**WHAT THE TASK REQUIRES:** Print the first line of the material below and each line after it, exactly as written, ending with the line that contains "Historical Christina Dodd".

# # # # #

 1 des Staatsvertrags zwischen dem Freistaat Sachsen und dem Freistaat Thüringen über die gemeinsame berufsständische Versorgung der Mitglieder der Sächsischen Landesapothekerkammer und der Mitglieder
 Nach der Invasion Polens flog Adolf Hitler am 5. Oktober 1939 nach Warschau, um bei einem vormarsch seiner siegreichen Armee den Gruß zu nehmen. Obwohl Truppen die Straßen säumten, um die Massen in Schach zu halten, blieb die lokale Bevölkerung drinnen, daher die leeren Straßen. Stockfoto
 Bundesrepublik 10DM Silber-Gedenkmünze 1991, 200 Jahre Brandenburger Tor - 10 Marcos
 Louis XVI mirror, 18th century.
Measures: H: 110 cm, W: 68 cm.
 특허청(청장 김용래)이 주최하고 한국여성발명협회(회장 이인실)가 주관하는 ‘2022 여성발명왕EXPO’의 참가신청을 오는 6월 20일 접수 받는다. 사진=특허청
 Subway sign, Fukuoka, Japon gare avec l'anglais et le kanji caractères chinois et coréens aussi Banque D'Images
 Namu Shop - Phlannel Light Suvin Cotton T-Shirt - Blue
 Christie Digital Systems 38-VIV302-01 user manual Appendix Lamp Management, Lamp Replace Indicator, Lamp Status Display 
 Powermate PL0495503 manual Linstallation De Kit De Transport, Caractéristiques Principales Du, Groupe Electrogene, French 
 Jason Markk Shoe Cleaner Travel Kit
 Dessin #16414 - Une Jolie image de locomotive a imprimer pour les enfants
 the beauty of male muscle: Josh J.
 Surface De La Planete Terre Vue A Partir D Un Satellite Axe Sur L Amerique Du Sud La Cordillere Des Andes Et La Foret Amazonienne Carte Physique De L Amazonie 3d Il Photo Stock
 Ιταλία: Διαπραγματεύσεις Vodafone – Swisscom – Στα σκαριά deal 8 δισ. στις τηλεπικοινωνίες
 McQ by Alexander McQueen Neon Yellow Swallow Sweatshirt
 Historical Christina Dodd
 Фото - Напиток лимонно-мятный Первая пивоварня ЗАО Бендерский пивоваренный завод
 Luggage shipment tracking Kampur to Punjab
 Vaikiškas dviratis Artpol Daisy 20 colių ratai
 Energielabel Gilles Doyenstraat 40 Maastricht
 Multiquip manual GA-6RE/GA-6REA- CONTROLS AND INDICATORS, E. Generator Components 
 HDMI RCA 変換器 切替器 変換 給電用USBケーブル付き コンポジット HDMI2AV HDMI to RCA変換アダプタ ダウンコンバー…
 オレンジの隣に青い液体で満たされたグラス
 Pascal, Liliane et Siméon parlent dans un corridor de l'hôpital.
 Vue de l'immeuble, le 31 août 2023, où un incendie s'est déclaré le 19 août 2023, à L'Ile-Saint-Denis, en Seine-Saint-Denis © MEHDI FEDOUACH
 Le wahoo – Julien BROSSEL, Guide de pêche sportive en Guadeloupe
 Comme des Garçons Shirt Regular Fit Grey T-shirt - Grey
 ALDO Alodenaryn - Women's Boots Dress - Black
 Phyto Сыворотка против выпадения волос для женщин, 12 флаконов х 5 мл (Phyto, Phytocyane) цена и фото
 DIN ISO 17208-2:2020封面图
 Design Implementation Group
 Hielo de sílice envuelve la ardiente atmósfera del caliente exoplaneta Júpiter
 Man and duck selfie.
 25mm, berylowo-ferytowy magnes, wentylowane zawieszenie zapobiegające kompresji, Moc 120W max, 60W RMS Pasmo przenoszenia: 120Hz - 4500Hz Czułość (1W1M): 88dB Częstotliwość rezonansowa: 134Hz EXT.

# # # # #

**RESPONSE TO THIS TASK:**
 1 des Staatsvertrags zwischen dem Freistaat Sachsen und dem Freistaat Thüringen über die gemeinsame berufsständische Versorgung der Mitglieder der Sächsischen Landesapothekerkammer und der Mitglieder
 Nach der Invasion Polens flog Adolf Hitler am 5. Oktober 1939 nach Warschau, um bei einem vormarsch seiner siegreichen Armee den Gruß zu nehmen. Obwohl Truppen die Straßen säumten, um die Massen in Schach zu halten, blieb die lokale Bevölkerung drinnen, daher die leeren Straßen. Stockfoto
 Bundesrepublik 10DM Silber-Gedenkmünze 1991, 200 Jahre Brandenburger Tor - 10 Marcos
 Louis XVI mirror, 18th century.
Measures: H: 110 cm, W: 68 cm.
 특허청(청장 김용래)이 주최하고 한국여성발명협회(회장 이인실)가 주관하는 ‘2022 여성발명왕EXPO’의 참가신청을 오는 6월 20일 접수 받는다. 사진=특허청
 Subway sign, Fukuoka, Japon gare avec l'anglais et le kanji caractères chinois et coréens aussi Banque D'Images
 Namu Shop - Phlannel Light Suvin Cotton T-Shirt - Blue
 Christie Digital Systems 38-VIV302-01 user manual Appendix Lamp Management, Lamp Replace Indicator, Lamp Status Display 
 Powermate PL0495503 manual Linstallation De Kit De Transport, Caractéristiques Principales Du, Groupe Electrogene, French 
 Jason Markk Shoe Cleaner Travel Kit
 Dessin #16414 - Une Jolie image de locomotive a imprimer pour les enfants
 the beauty of male muscle: Josh J.
 Surface De La Planete Terre Vue A Partir D Un Satellite Axe Sur L Amerique Du Sud La Cordillere Des Andes Et La Foret Amazonienne Carte Physique De L Amazonie 3d Il Photo Stock
 Ιταλία: Διαπραγματεύσεις Vodafone – Swisscom – Στα σκαριά deal 8 δισ. στις τηλεπικοινωνίες
 McQ by Alexander McQueen Neon Yellow Swallow Sweatshirt
 Historical Christina Dodd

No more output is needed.